O(n) would mean that the time it takes to look up an item is proportional to the number of items in the collection.

Typical examples of these are arrays, which can be accessed directly, regardless of their size, and linked lists, which must be traversed in order from the beginning to access a given item.

The other operation usually discussed is insert. A collection can be O(1) for access but O(n) for insert. In fact an array has exactly this behavior, because to insert an item in the middle, You would have to move each item to the right by copying it into the following slot.


O(1) means the time to access something is independent of the number of items in the collection.

O(N) would mean the time to access an item is a proportional to the number (N) of items in the collection.

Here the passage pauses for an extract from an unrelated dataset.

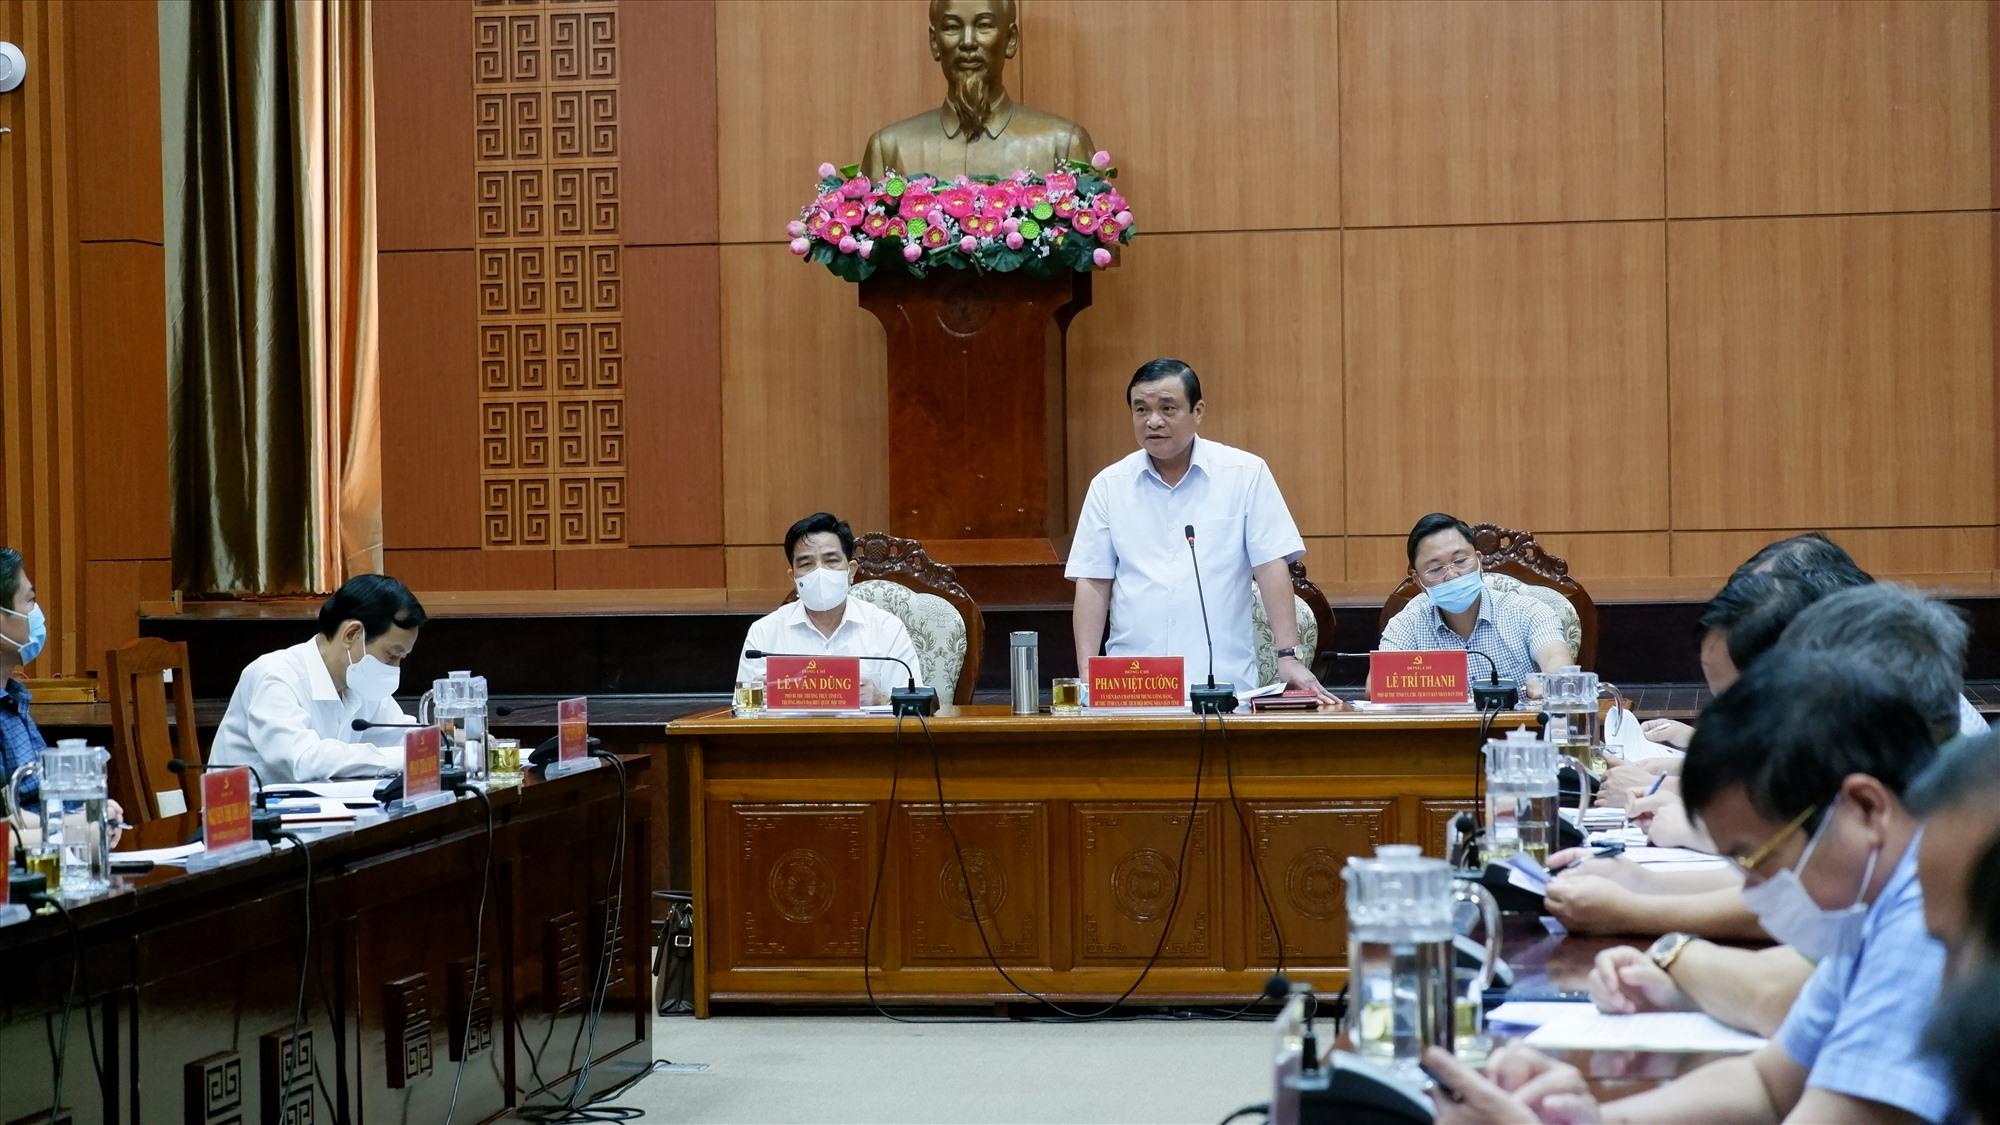 Bí thư tỉnh ủy Phan Việt Cường - Trưởng Ban Chỉ đạo Covid-19 phát biểu tại cuộc làm việc. Ảnh: X.H

Every answer currently responding to this question tells you that the O(1) means constant time (whatever it happens to measuring; could be runtime, number of operations, etc.). This is not accurate.

To say that runtime is O(1) means that there is a constant c such that the runtime is bounded above by c, independent of the input. For example, returning the first element of an array of n integers is O(1):

int firstElement(int *a, int n) {
    return a[0];
}

But this function is O(1) too:

int identity(int i) {
    if(i == 0) {
        sleep(60 * 60 * 24 * 365);
    }
    return i;
}

The runtime here is bounded above by 1 year, but most of the time the runtime is on the order of nanoseconds.

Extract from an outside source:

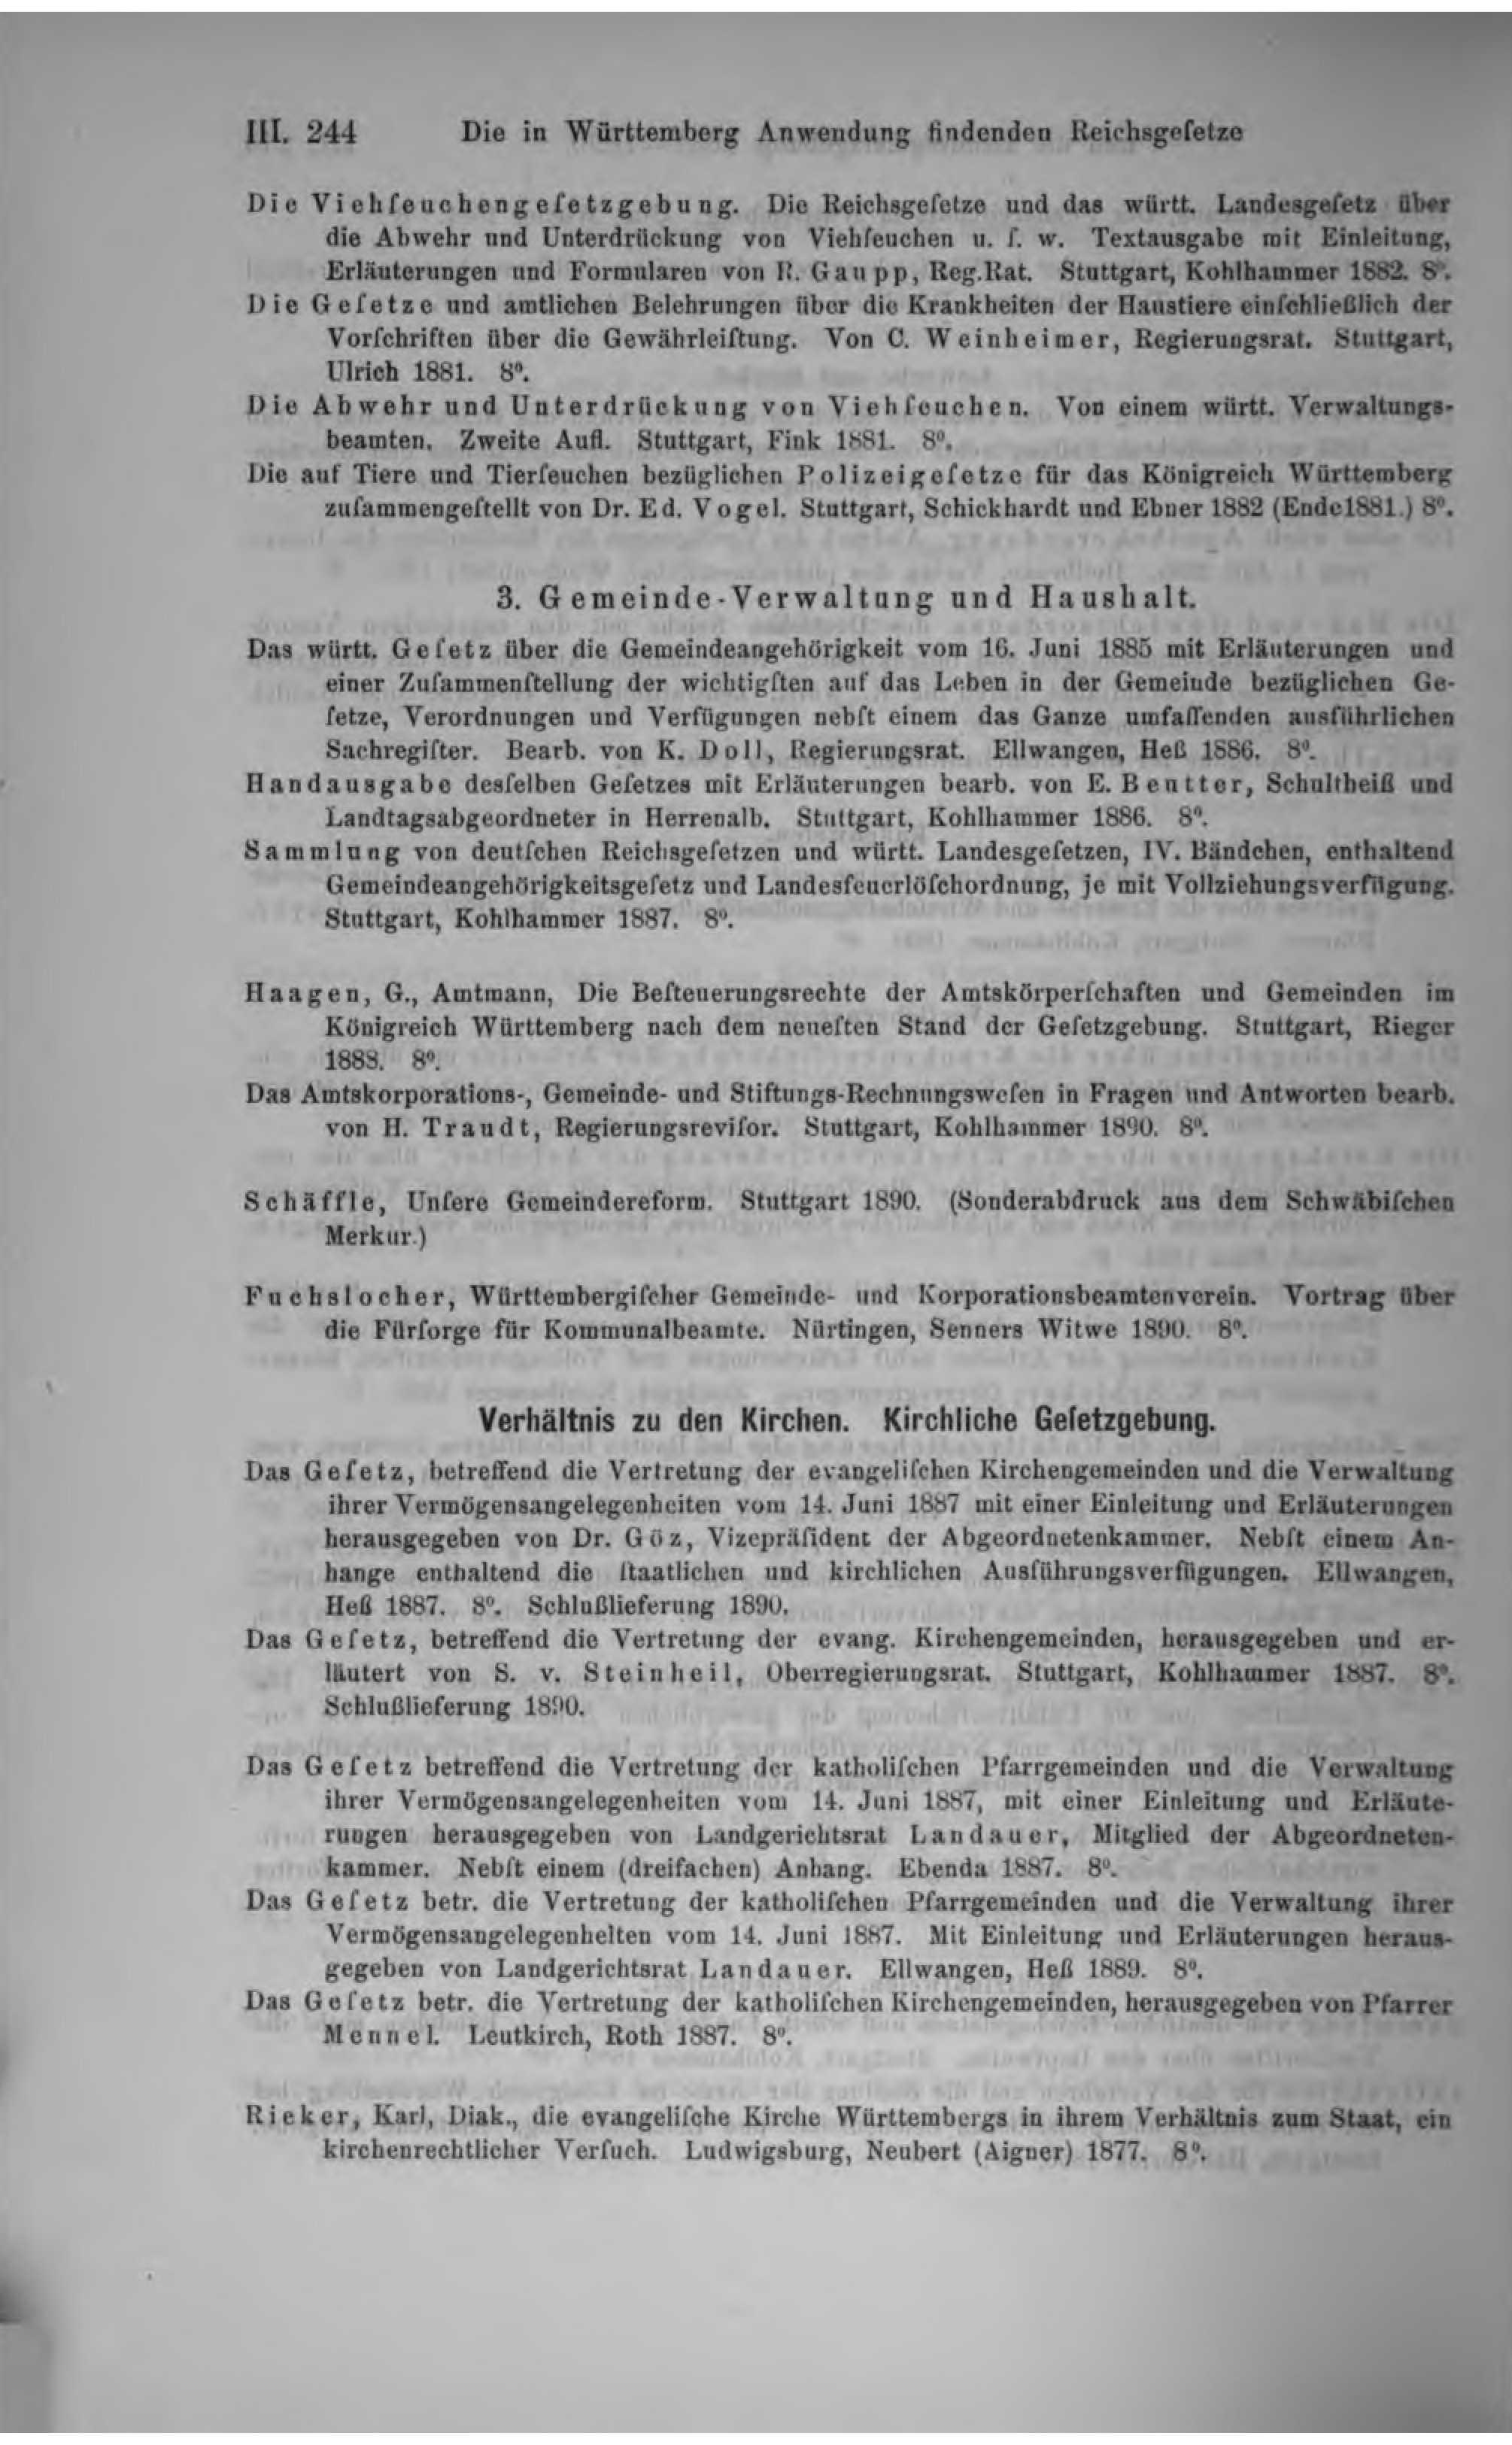 File:De Württ Jahrbuch SL 1892 0909.jpg - Wikimedia Commons

To say that runtime is O(n) means that there is a constant c such that the runtime is bounded above by c * n, where n measures the size of the input. For example, finding the number of occurrences of a particular integer in an unsorted array of n integers by the following algorithm is O(n):

int count(int *a, int n, int item) {
    int c = 0;
    for(int i = 0; i < n; i++) {
        if(a[i] == item) c++;
    }
    return c;
}

This is because we have to iterate through the array inspecting each element one at a time.


O(1) does not necessarily mean "quickly". It means that the time it takes is constant, and not based on the size of the input to the function. Constant could be fast or slow. O(n) means that the time the function takes will change in direct proportion to the size of the input to the function, denoted by n. Again, it could be fast or slow, but it will get slower as the size of n increases.

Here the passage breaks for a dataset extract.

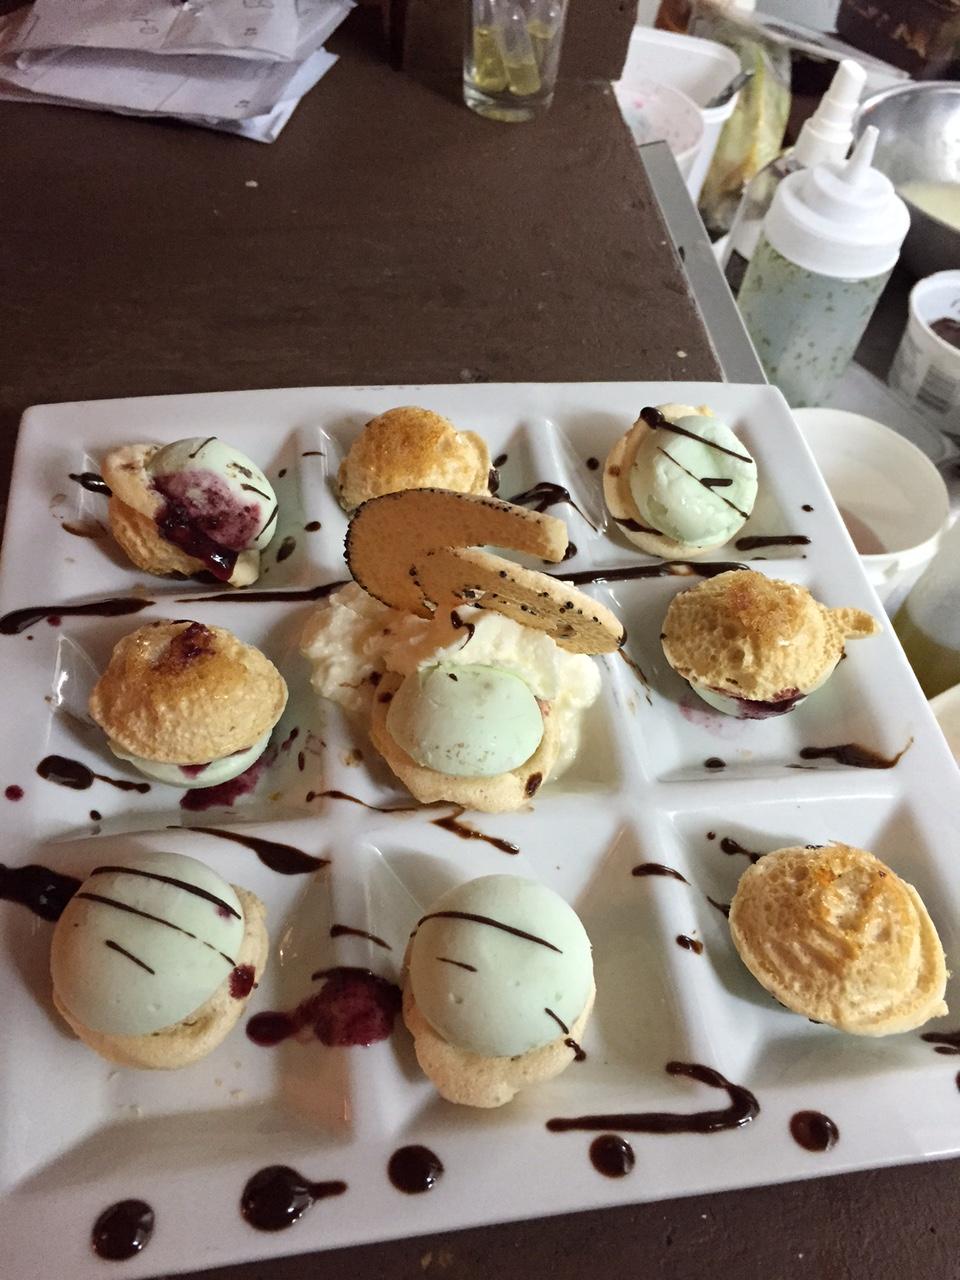 l'estaminet 8 - dessert.jpg

Here is a simple analogy; Imagine you are downloading movies online, with O(1), if it takes 5 minutes to download one movie, it will still take the same time to download 20 movies. So it doesn't matter how many movies you are downloading, they will take the same time(5 minutes) whether it's one or 20 movies. A normal example of this analogy is when you go to a movie library, whether you are taking one movie or 5, you will simply just pick them at once. Hence spending the same time.

However, with O(n), if it takes 5 minutes to download one movie, it will take about 50 minutes to download 10 movies. So time is not constant or is somehow proportional to the number of movies you are downloading.